The idea is to improve the structure of the dictionary without losing the easiness to view and edit the dictionary.
The current structure of dictionaries 'keyworder.lan.dicN' is a set class labels, where each class is defined by a single line of any length:
j class_label:kj/w1\n-gram1/....../wi\n-grami/
where j is the class index, kj is the constant of the class j, wi is the weight of the n-gram i.
The function strstr(s1,s2) is used to search a term (n-gram) inside each line of the dictionary.
The term searched is delimited with one slash at the beginning and one backslash at the end: /searched n-gram\ , so the string s1 contains the line "j class_label:kj/w1\n-gram1/....../wi\n-grami/" and the s2 contains the searched term: "\searched n-gram/"
Of course, it is a very simple solution but allows a simple and robust algorithm, and gives the possibility to search the root of words very easily. For example: The term 'power' delimited as "\power" will be found in the line of the dictionary "/w1\powerful/.....". This is a basic solution but requires only a fast stemming operation of the searched term.
The biggest inconvenient of strstr() in our case is that the backslash '\' of s2 is searched in the n-gram and weight of s1. Example: for the string s2 "\thermal/" and the string s1 "/8\powerful/5\system/9\thermal/" , the backslash '\' will be searched all along powerfull/5 and system/9, that is a wast of time because we know it cannot be present in the n-grams and weights.
One solution is to store the length of each term/n-gram and to used this length to compute the position of the next term/n-gram.
Example of structure:
j class_label:kj/w1l1\n-gram1/....../wili\n-grami/ where the length li of each term is coded on 2 digits.

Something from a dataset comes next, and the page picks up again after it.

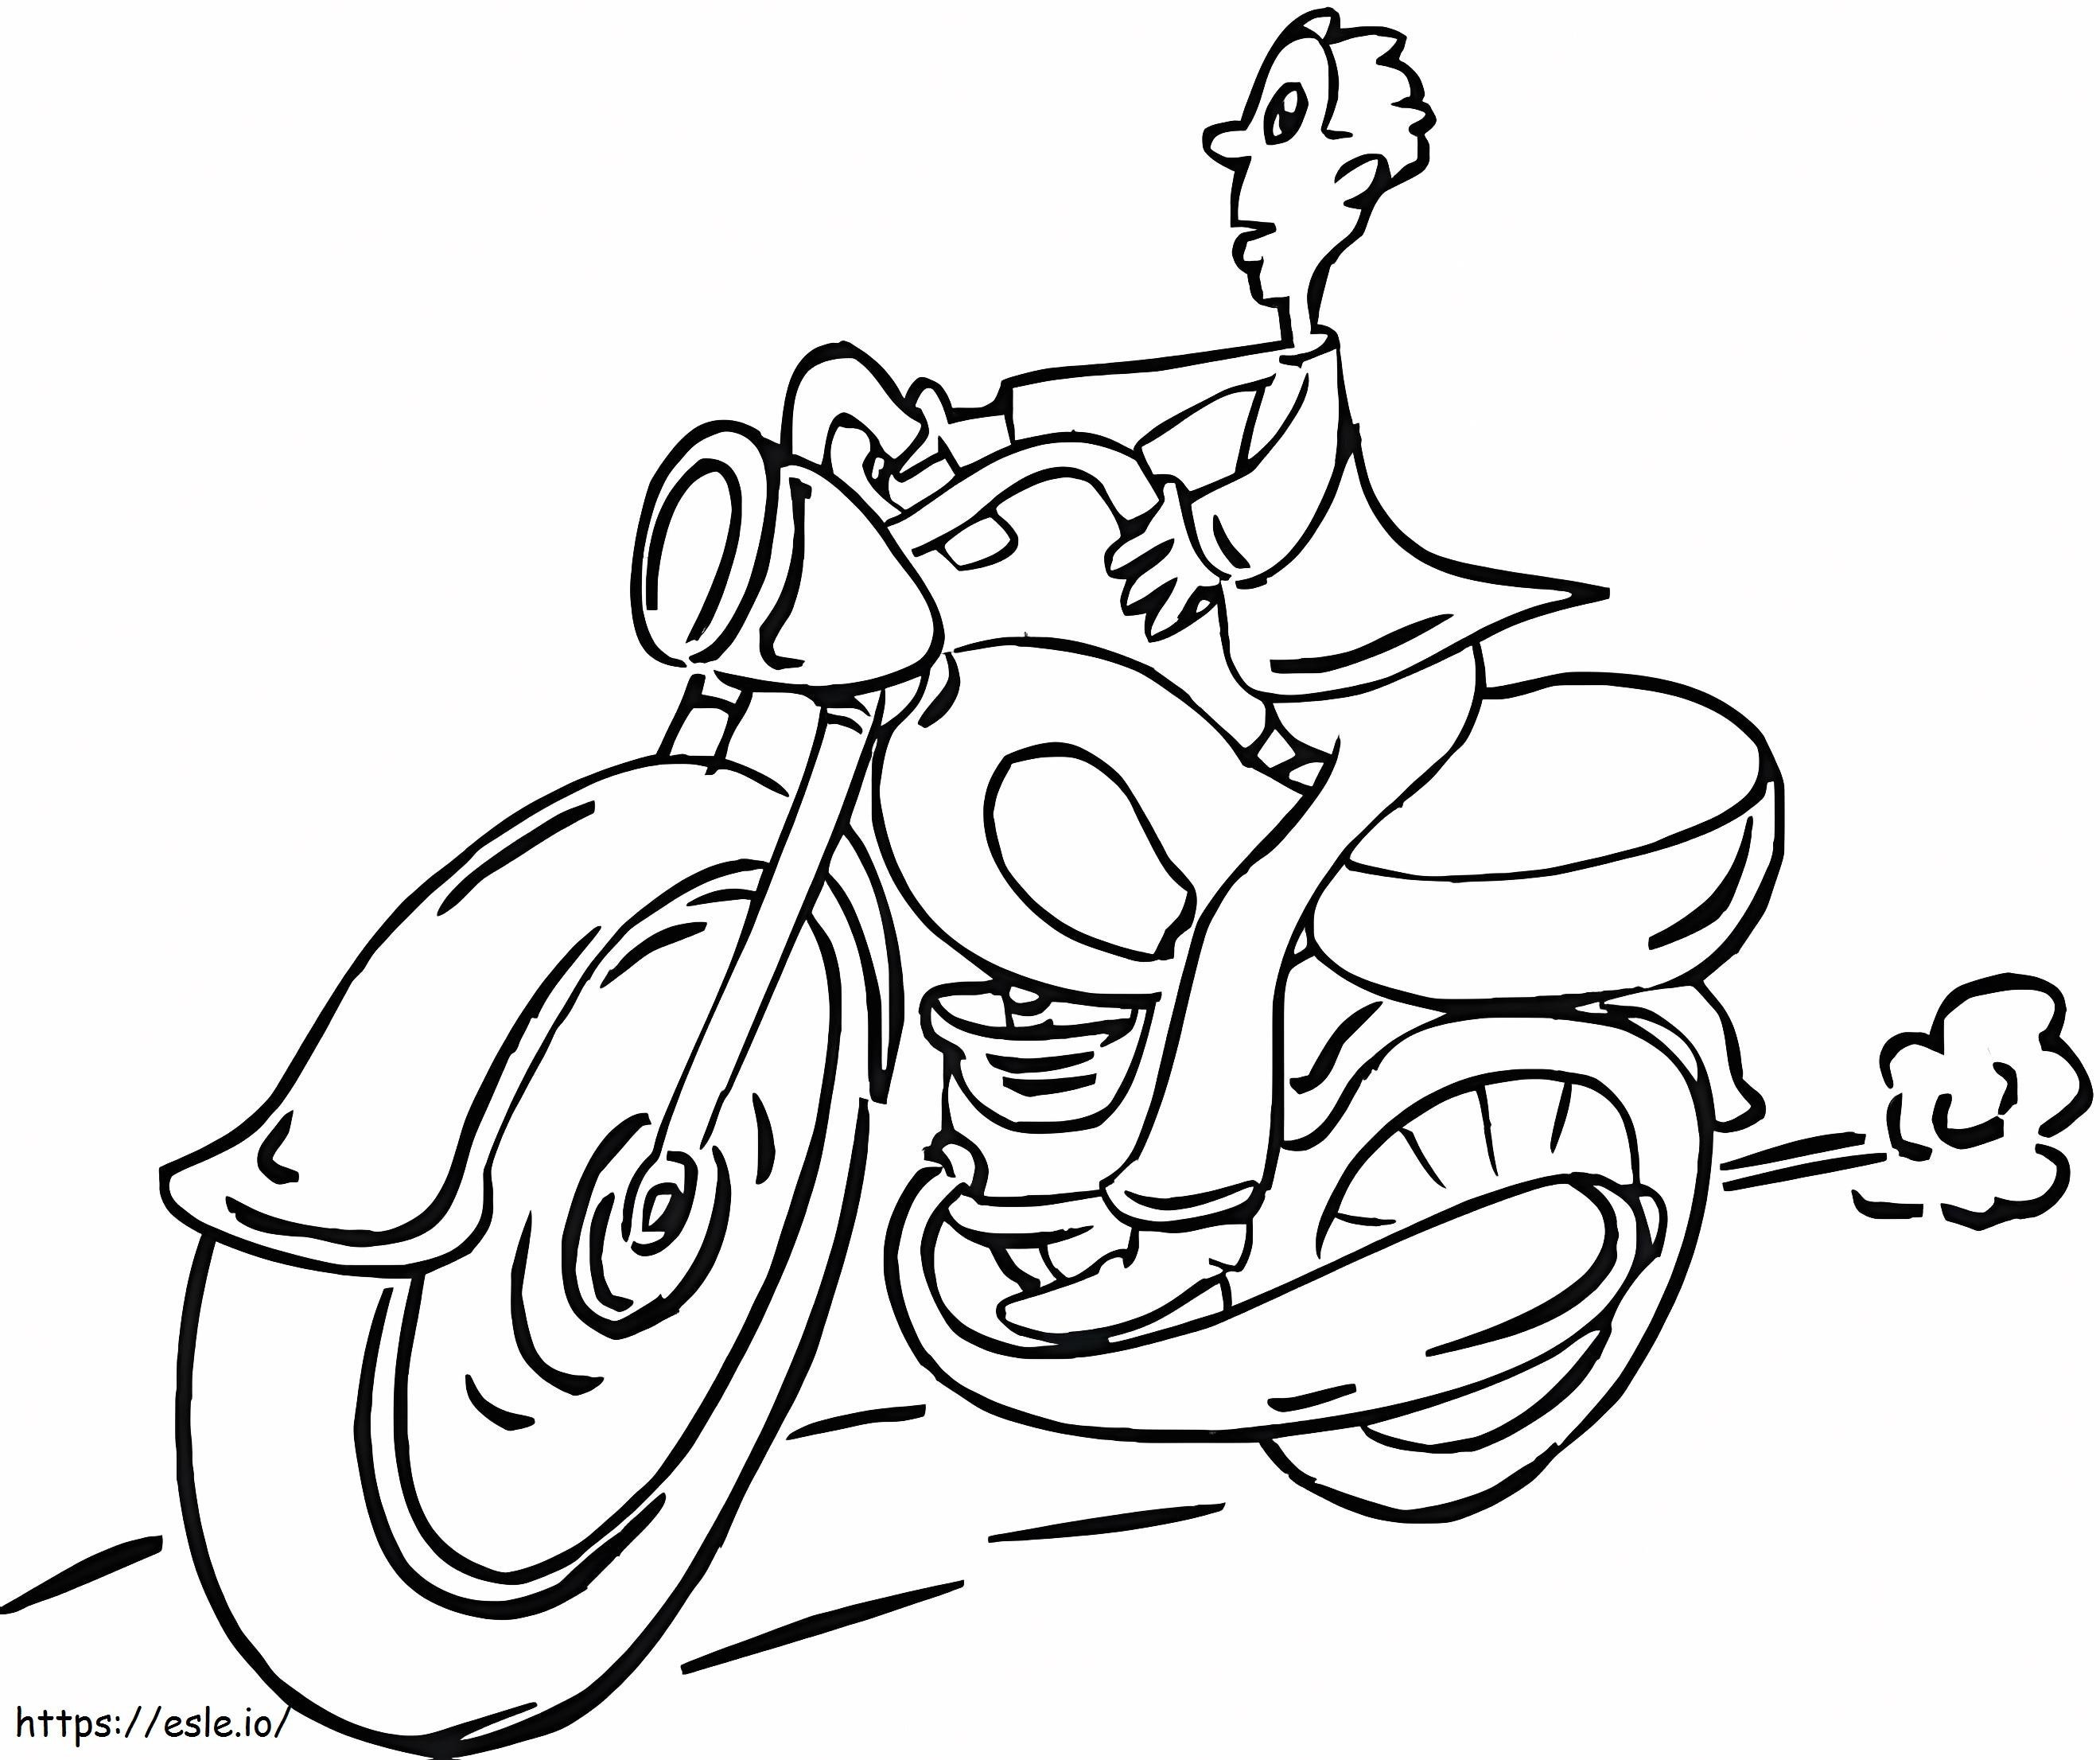 Mann auf Motorrad ausmalbilder

Our previous string s1 becomes:
/808\powerful/506\system/907\thermal/
Another example of structure:
j class_label:kj/w1\l1n-gram1/....../wi\lin-grami/ where the length li of each term is coded on 2 digits too.
Our previous string s1 becomes:
/8\08powerful/5\06system/9\07thermal/
For both examples, the term "powerful" has a length of 8 characters, so we know the next term is at the position i=i+8+5 ; (the value 5 is for the sequence /808\ of the first structure or /8\08 of the second structure).
For the second example the search algorithm (simplified) could be:
let index=0;
while s1[index] does not equal '\'
let index=index+1;
do
{
{
let length=val(s1[index+1],s1[index+2]);
if s1[index+3,index+3+length] equals s2
{
{
let weight=val(s1[index-1]);
return weight;
}
}
else
index=index+length+5;
}
}
while s1[index] does not equal EOL;
Note 1: The first loop is not required if we take care to store the length of the class label.
Note 2: If we want to keep the easy root or stem search, it is better to choose the first example as structure of the dictionary: "/808\powerful/506\system/907\thermal/" , the algorithm described above stays almost the same but we keep the possibility to search the root of the word, for example: "/power".
Search speed and Gain:
The simple search solution strstr(s1,s2) costs in the worst case: L1 + N1*L2 byte-byte comparisons, where L1 is the length of s1, N1 the number of '\' (equiv to the number of terms in s1) and L2 is the length of s2.
The algorithm given above decreases the search cost to: N1*L2 comparisons, but requires to compute an index based on the length of each term in the dictionary.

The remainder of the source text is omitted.